Definite surgical contraindications;
Interventions
To increase consistency between groups, most procedures are the same between the therapeutic DC group and the prophylactic DC group, except the bone flap management. Once the legal surrogate signs consent and confirms randomization, the intervention commences. Before the operation, the best medical treatments will be administered in accordance with the recommendation of the BTF guidelines [33]. For obtaining full course (initial, intra-operative and post-operative) of ICP and CPP variations, ICP monitor will be placed before the craniotomy and kept at least 5 days after surgery. Given the patients with mass lesion often associate with ventricles compression and midline shift, intraparenchymal ICP monitor will be preferred. The probe will be properly placed and fixed in the frontal lobe of lesion side drilling through the designed craniotomy incision without affecting normal procedure.
The unilateral trauma craniotomy model will be adopted, as suggested by Potts et al. [34]. The scalp flap should locate 1 cm beyond the border of the skull window.
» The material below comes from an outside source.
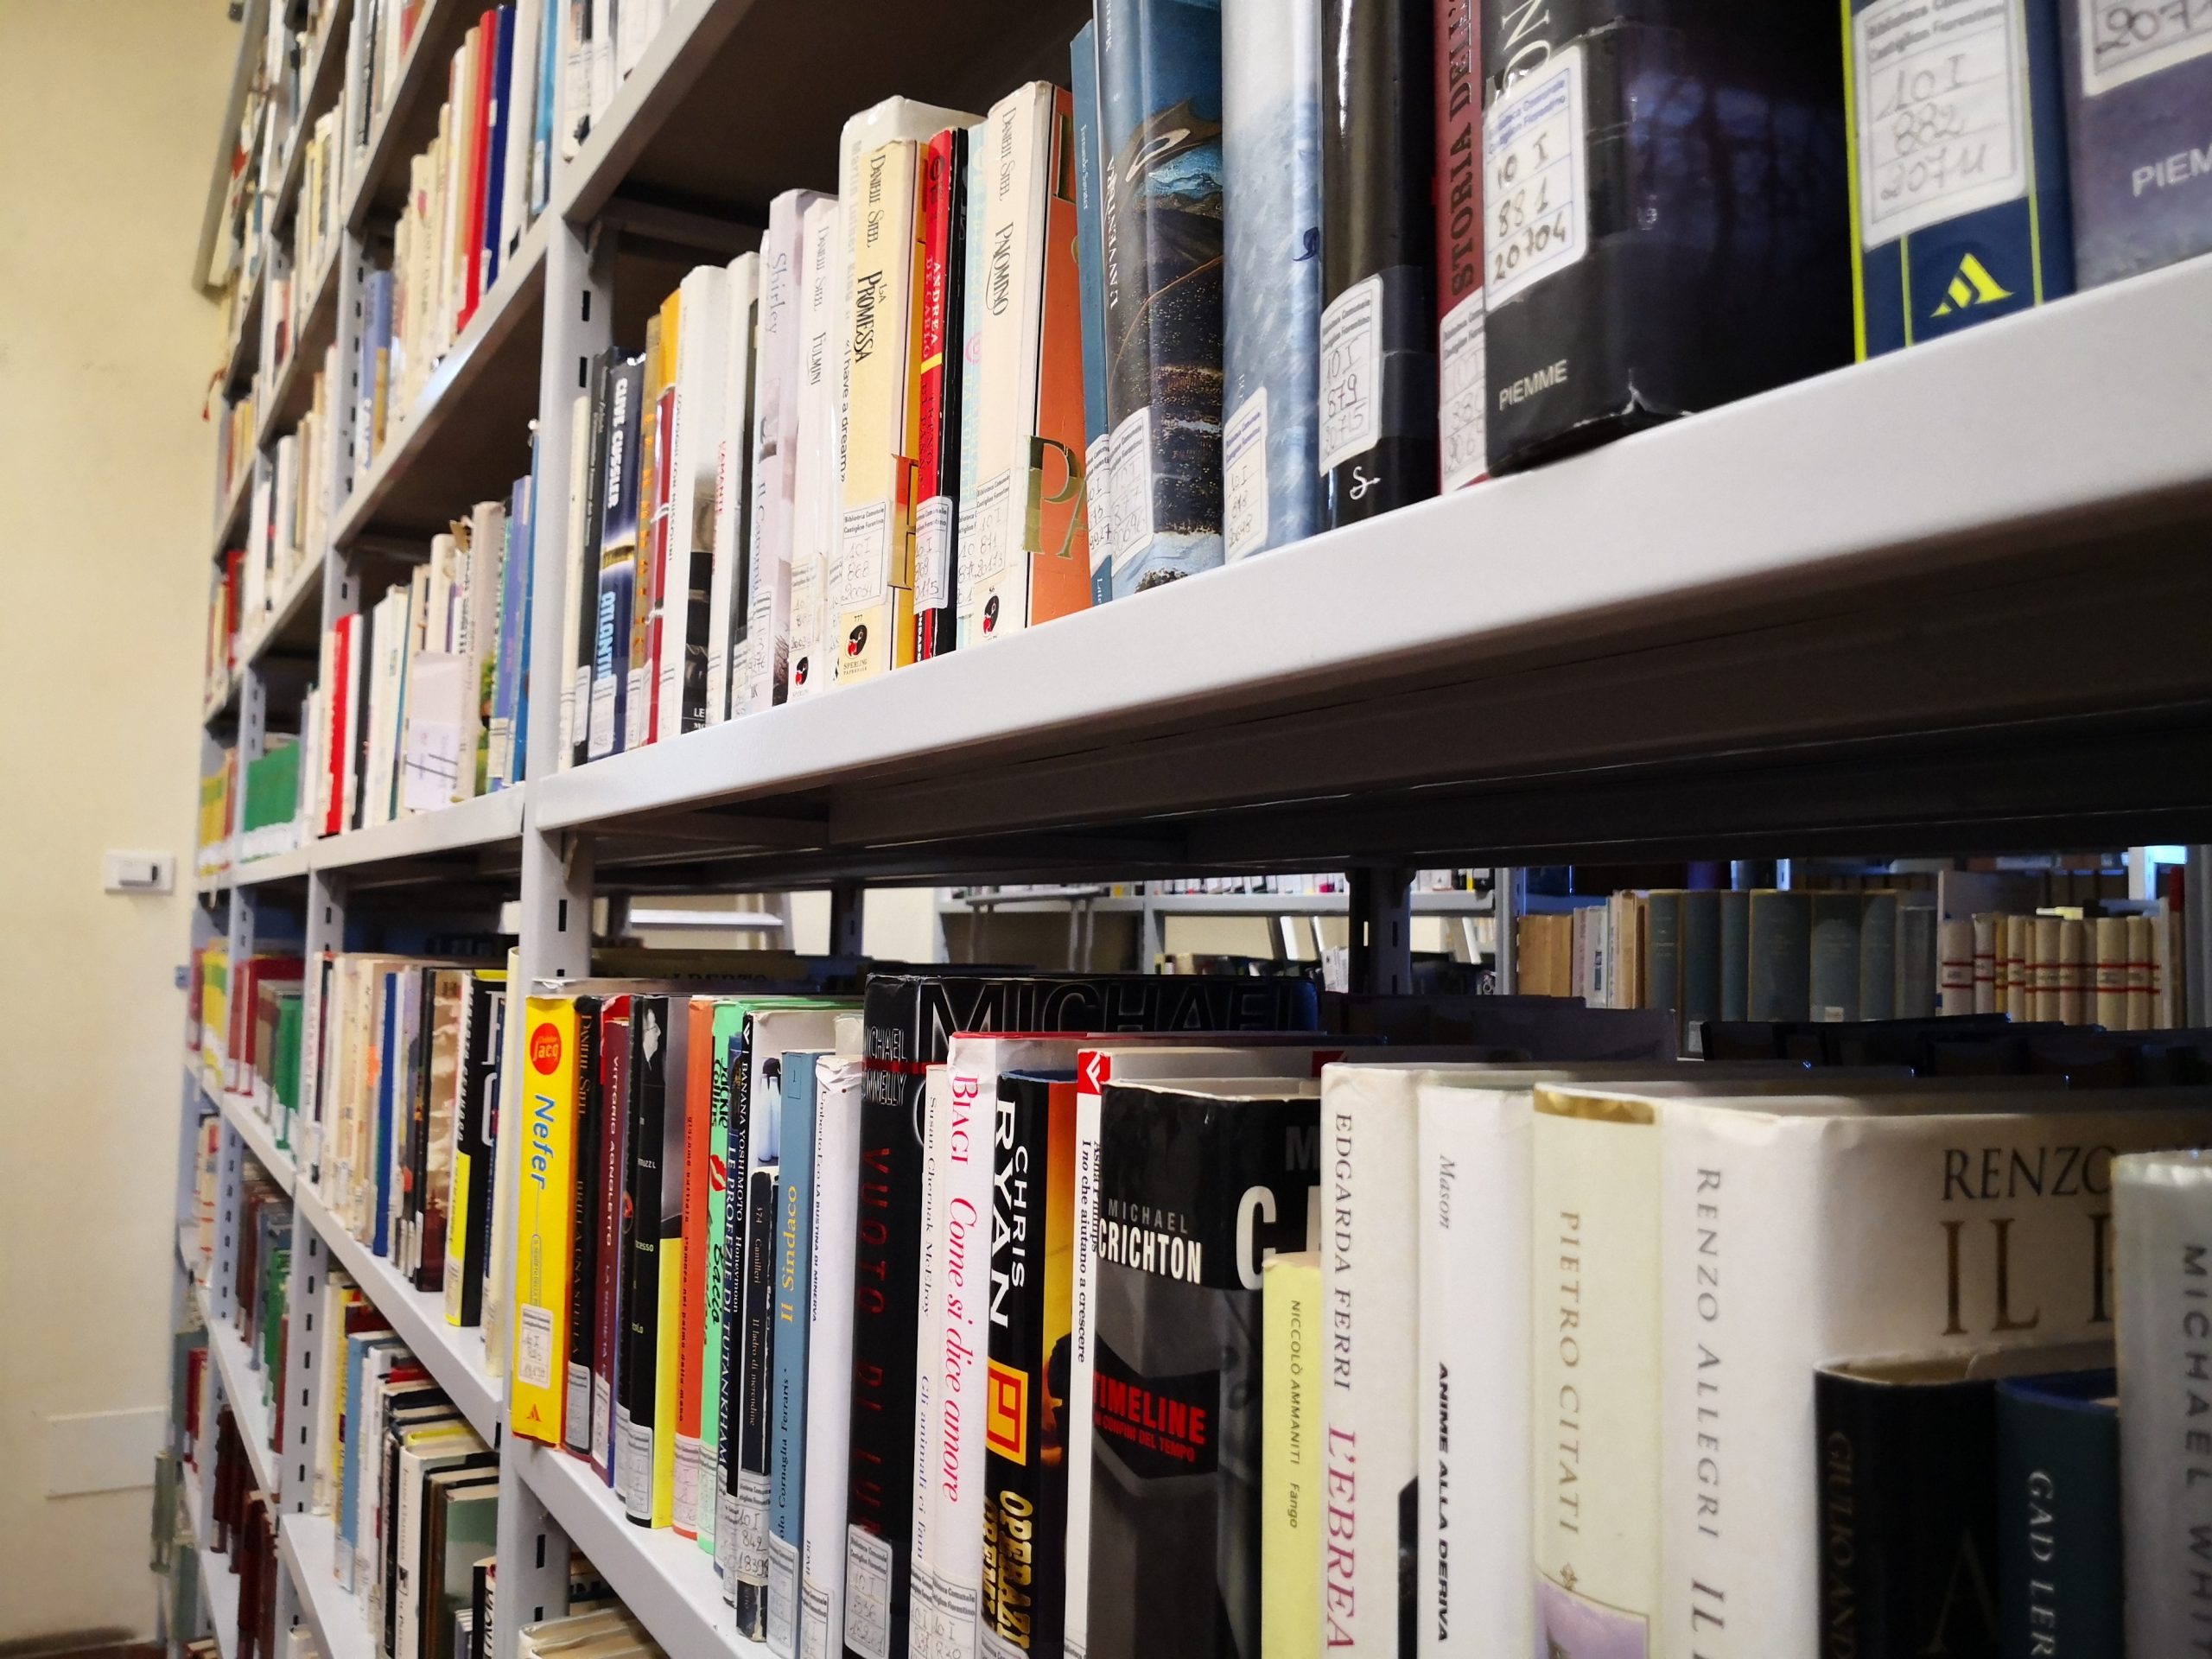 Chiusa per ferie la biblioteca comunale di Castiglion Fiorentino, riaprirà regolarmente lunedì 17 agosto
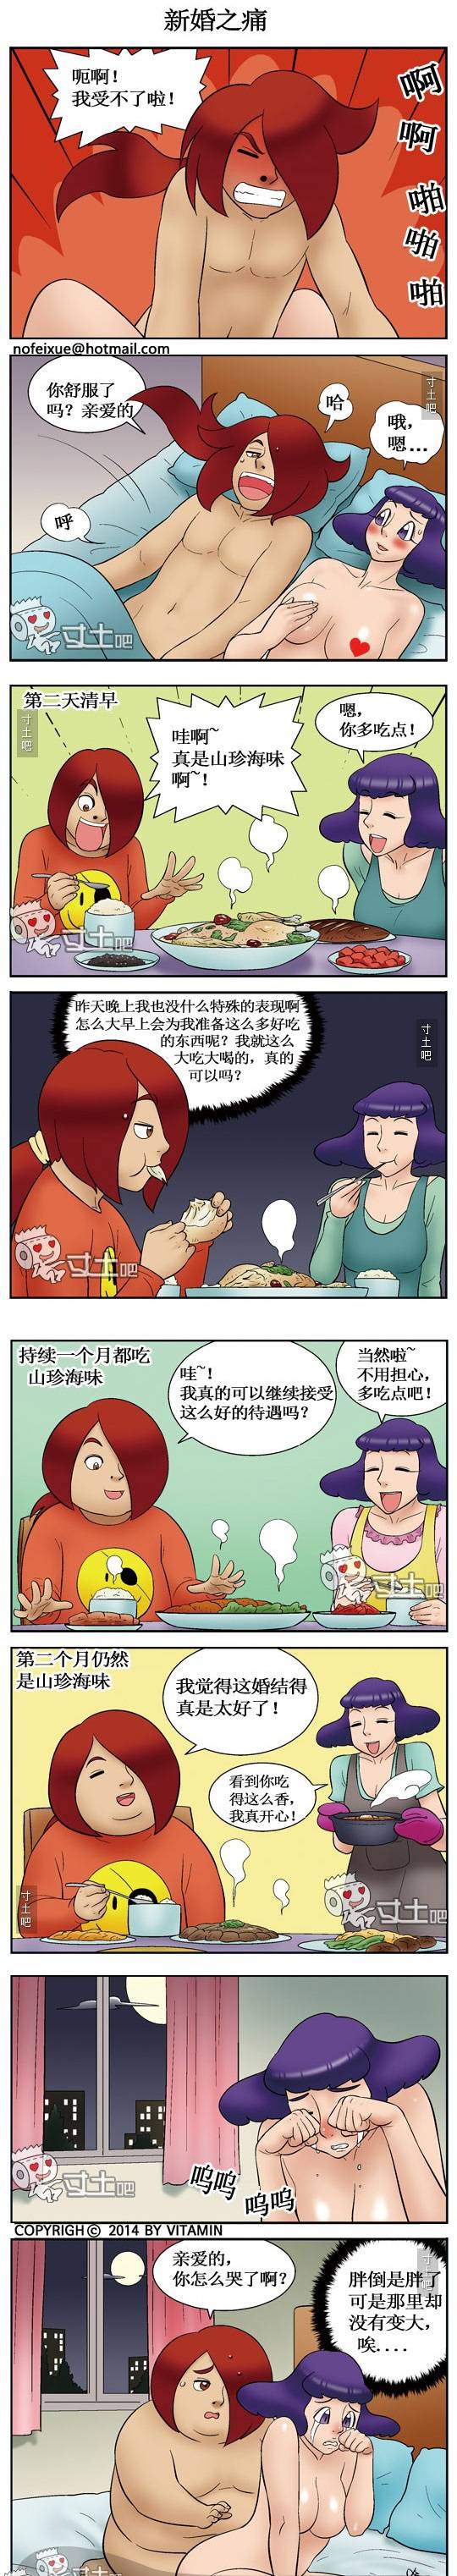 日本邪恶漫画色系图片 新婚之痛

Craniotomy should reach at least 15 × 12 cm with fully exposed areas, which extended down to the temporal base and curve round the parietal to the side of the midline within 2 cm. After mass lesion evacuation, the dura should be sutured on relaxation and expansion by the temporal fascia or artificial dura. Then, for the prophylactic DC group, the bone flap will be removed. For the therapeutic DC group, the decision of whether or not to replace the bone flap will depend on brain swelling. If the brain tissue protrudes above the base of the temporal skull window, the bone flap will not be replaced.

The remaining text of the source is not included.